### Task description:
Starting at the top of the listing, extract every line up to and including the one with "1995 Al-anon Works". Pictures stay out of the copy.

### Information supplied:
►

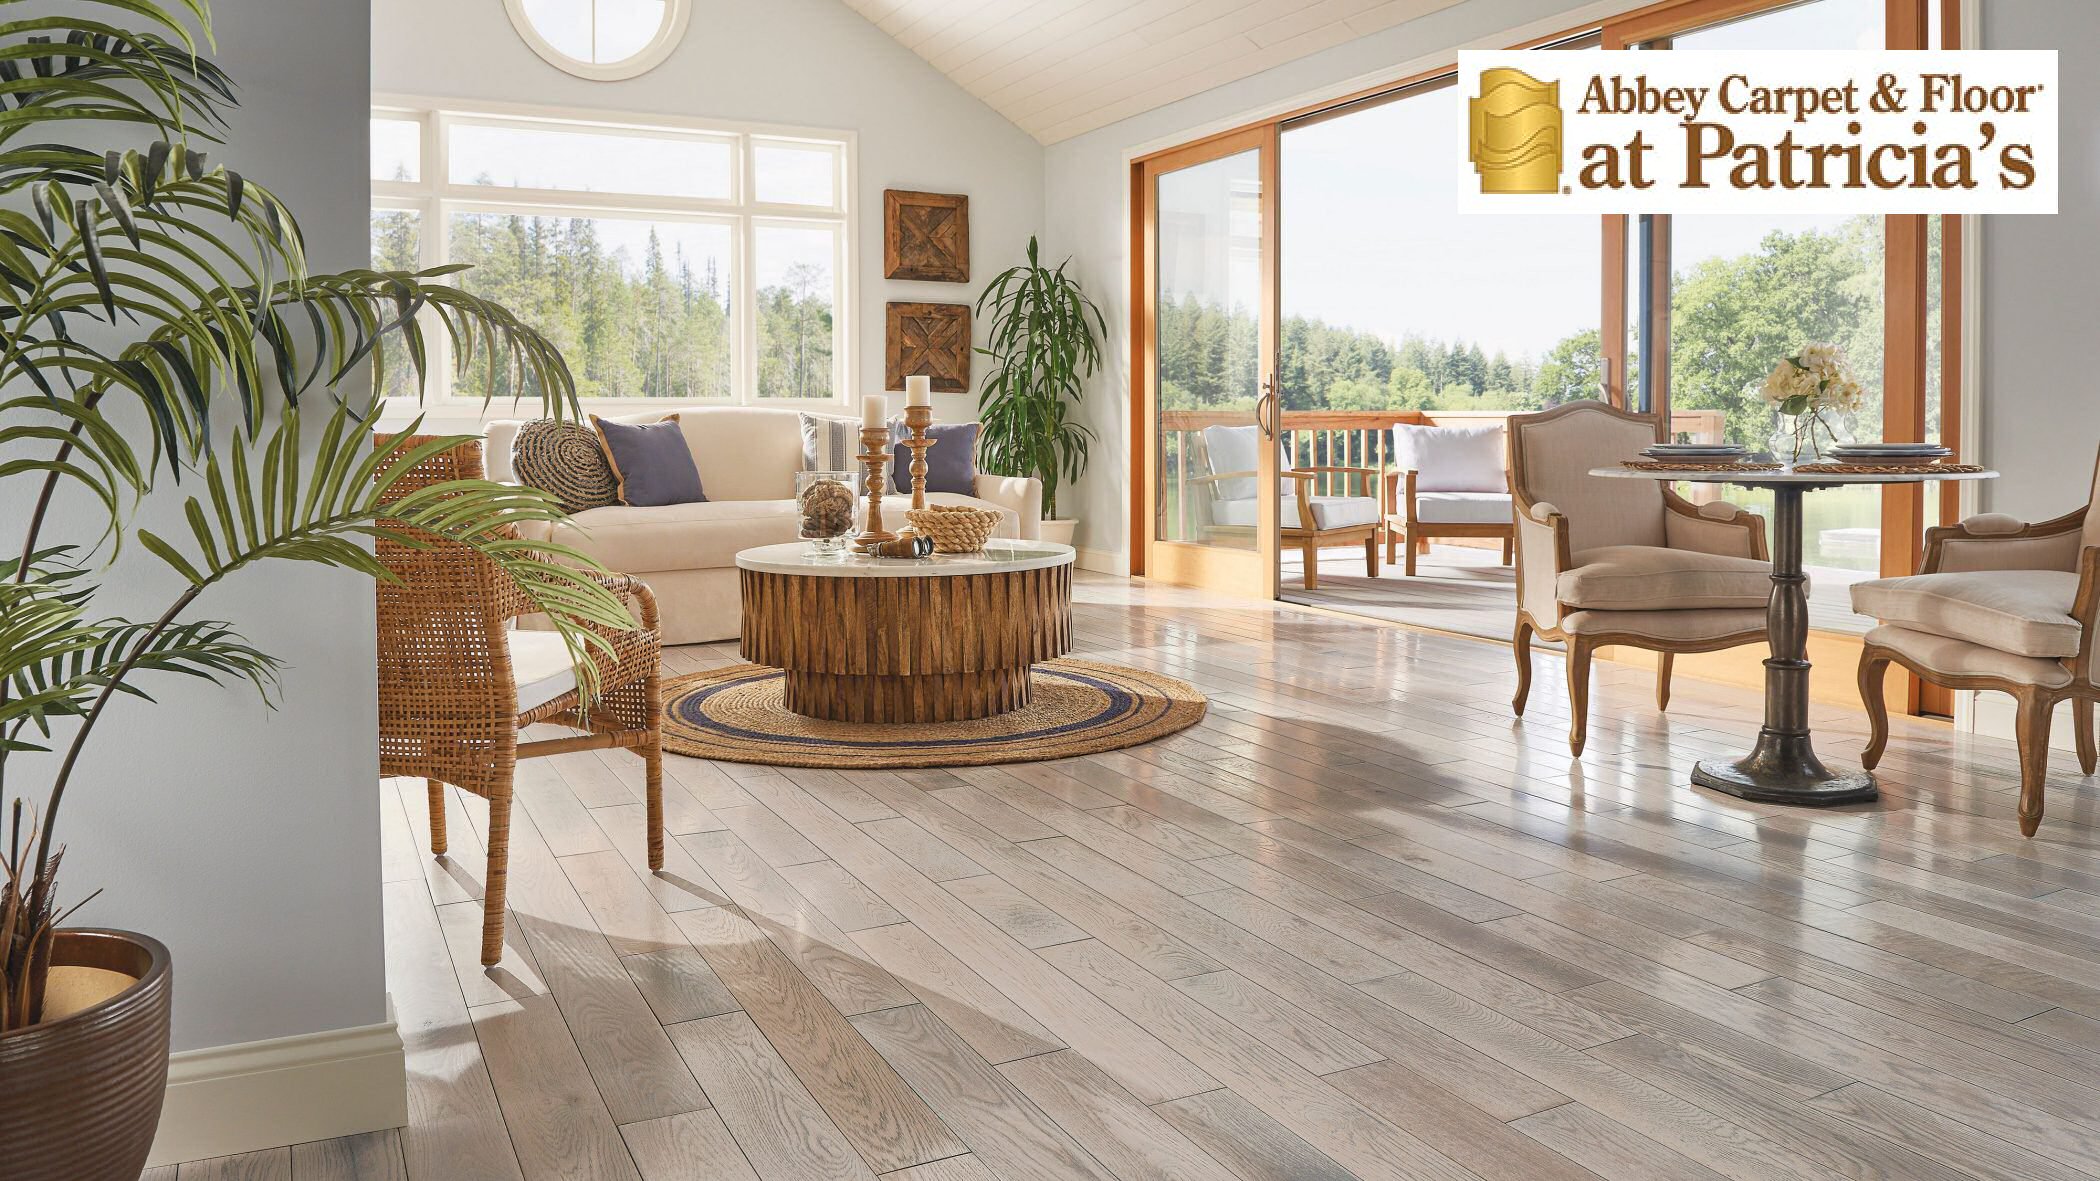 Abbey Carpet & Floor at Patricia's in Cape Coral, FL Offers the Ultimate Flooring Experience with Extensive Range of Luxury Vinyl Flooring Options
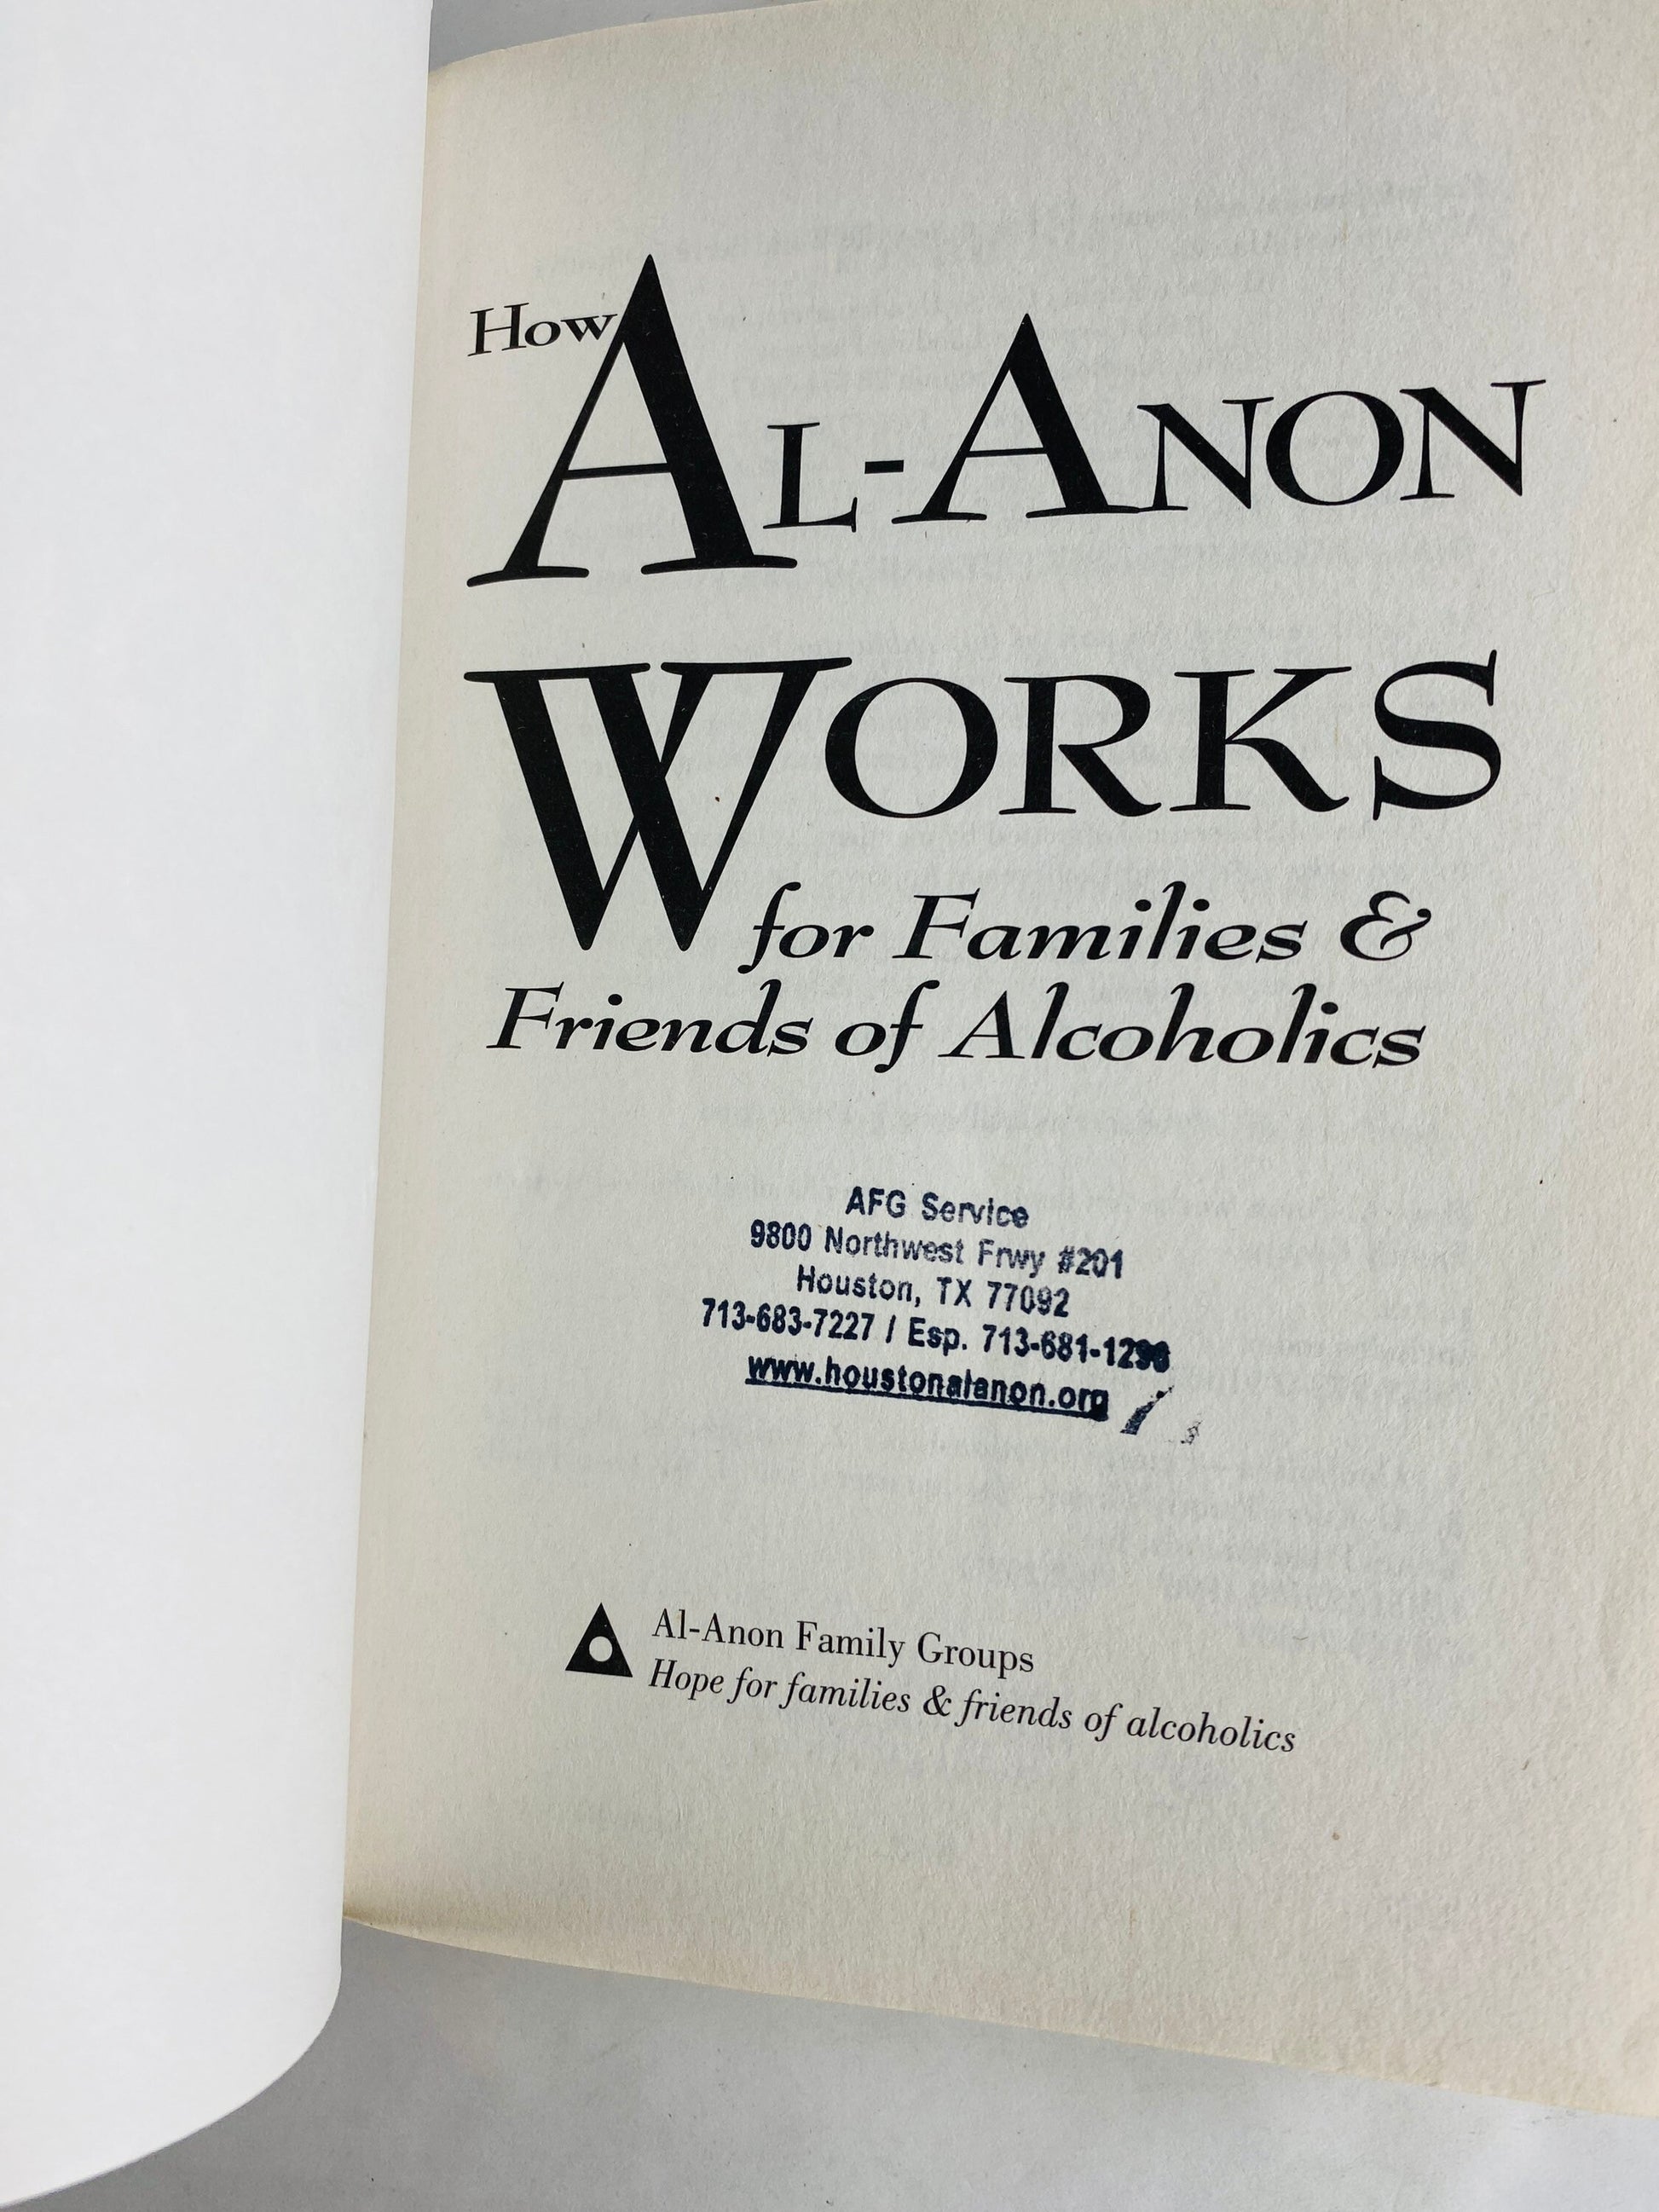 1995 Al-anon Works vintage paperback book Twelve Steps & Twelve Traditions Alcoholics Anonymous Recovery AA sobriety 12 program
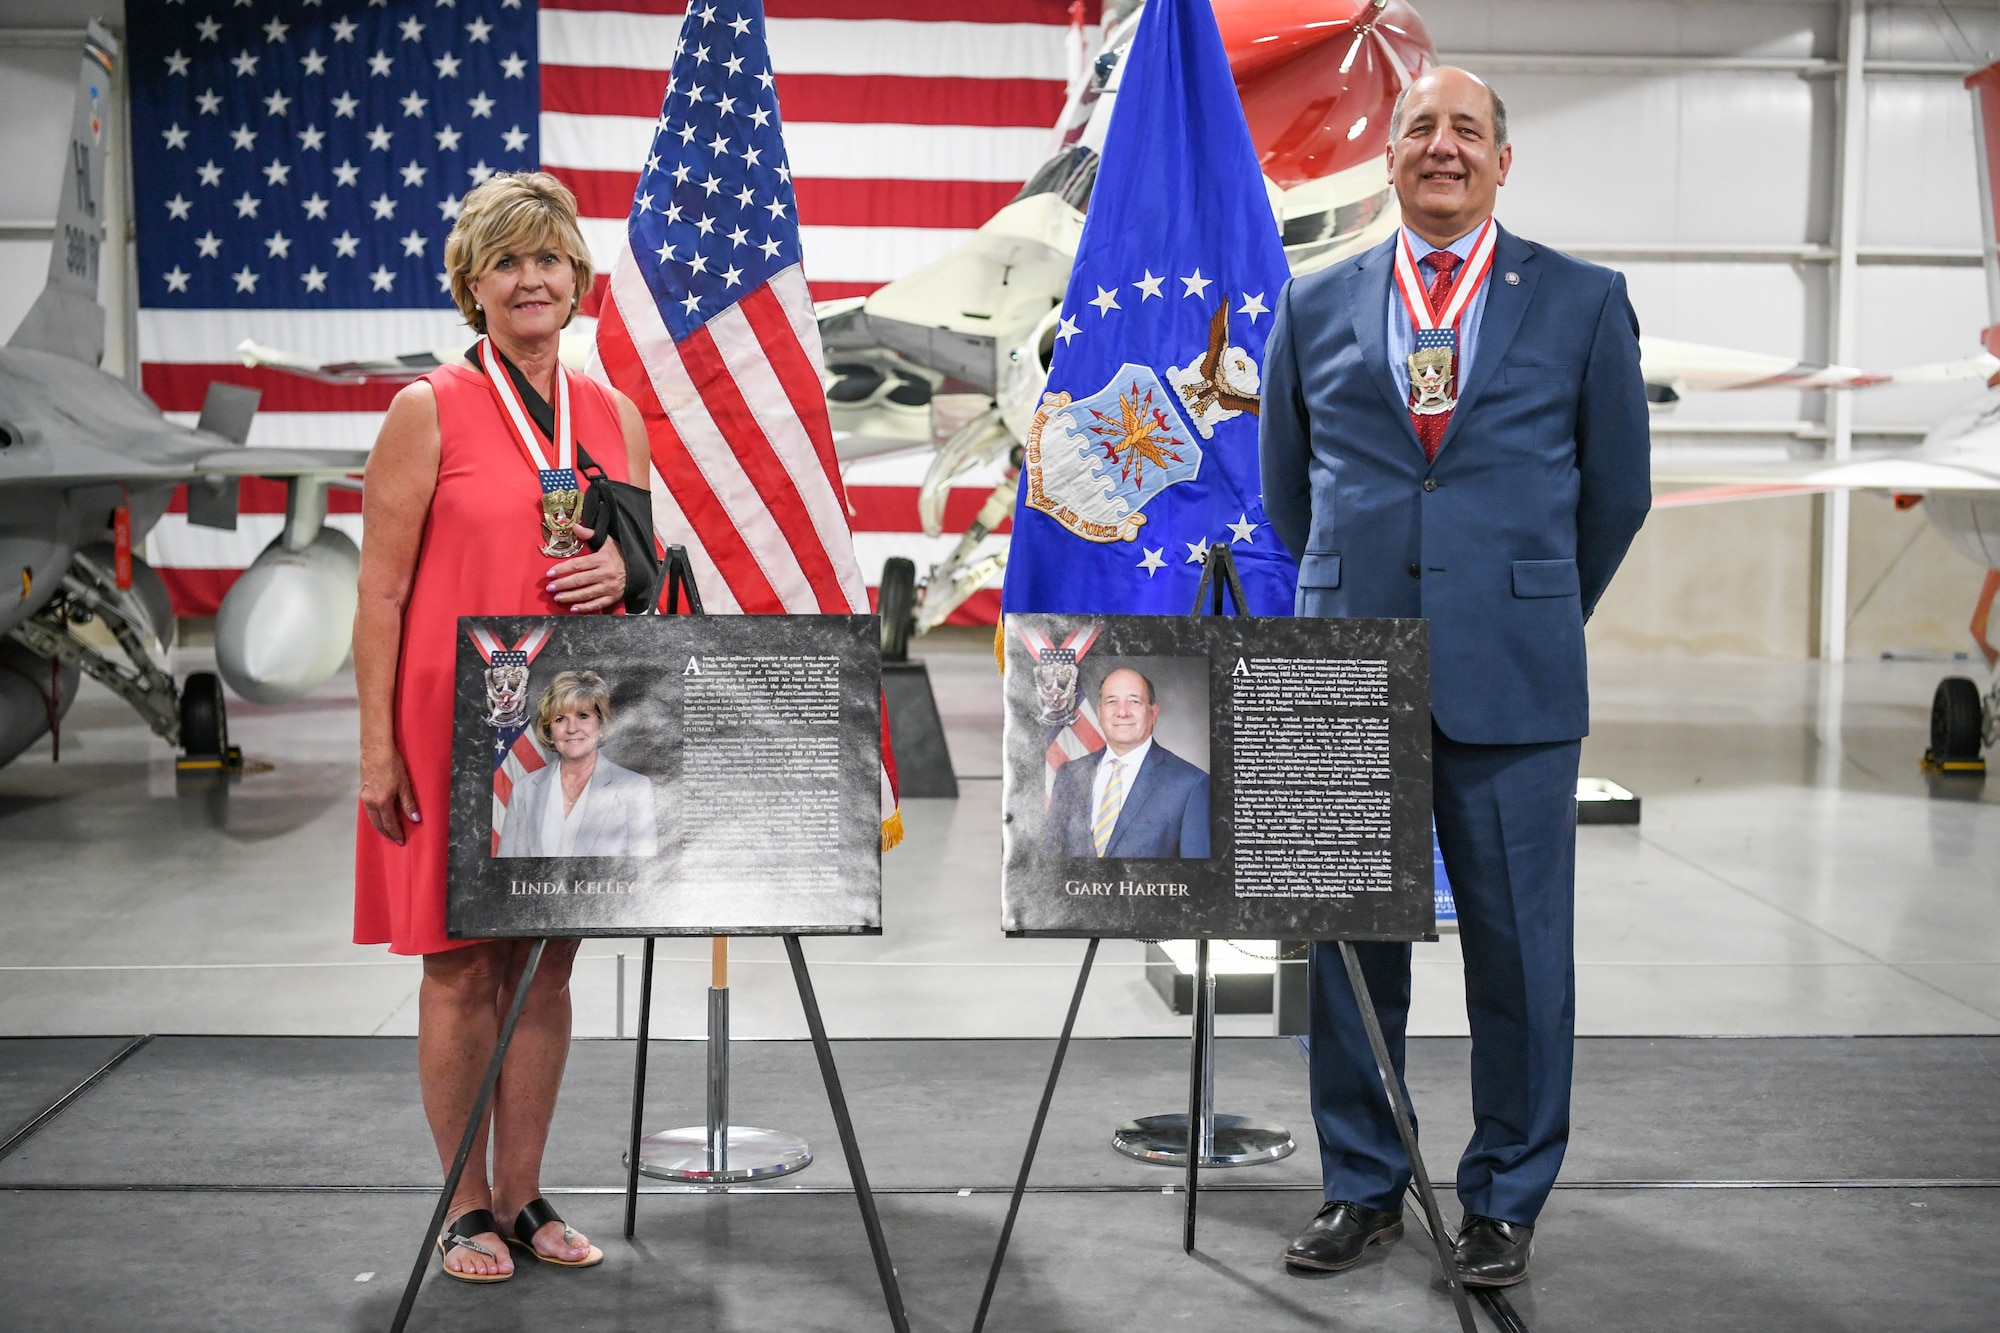 Linda Kelley and Gary Harter were awarded the Hill Air Force Base Community Wingman Award Sept. 10, 2020. The annual honor recognizes community members who have made a significant service contribution to the installation. (U.S. Air Force photo by Cynthia Griggs)

◄

### Response box:
 Abbey Carpet & Floor at Patricia's in Cape Coral, FL Offers the Ultimate Flooring Experience with Extensive Range of Luxury Vinyl Flooring Options
 1995 Al-anon Works vintage paperback book Twelve Steps & Twelve Traditions Alcoholics Anonymous Recovery AA sobriety 12 program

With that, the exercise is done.